What you should do:
Your answer should consist only of the lines from the line containing "(2) plastic trash" through the last line below, each repeated exactly.
[Data provided — start]
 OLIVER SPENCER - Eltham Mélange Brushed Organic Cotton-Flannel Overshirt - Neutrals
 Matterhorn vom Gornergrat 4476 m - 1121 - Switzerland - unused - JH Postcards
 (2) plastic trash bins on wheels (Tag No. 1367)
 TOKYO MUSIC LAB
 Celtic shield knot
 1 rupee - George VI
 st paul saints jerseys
[Data provided — finish]
Answer section:
 (2) plastic trash bins on wheels (Tag No. 1367)
 TOKYO MUSIC LAB
 Celtic shield knot
 1 rupee - George VI
 st paul saints jerseys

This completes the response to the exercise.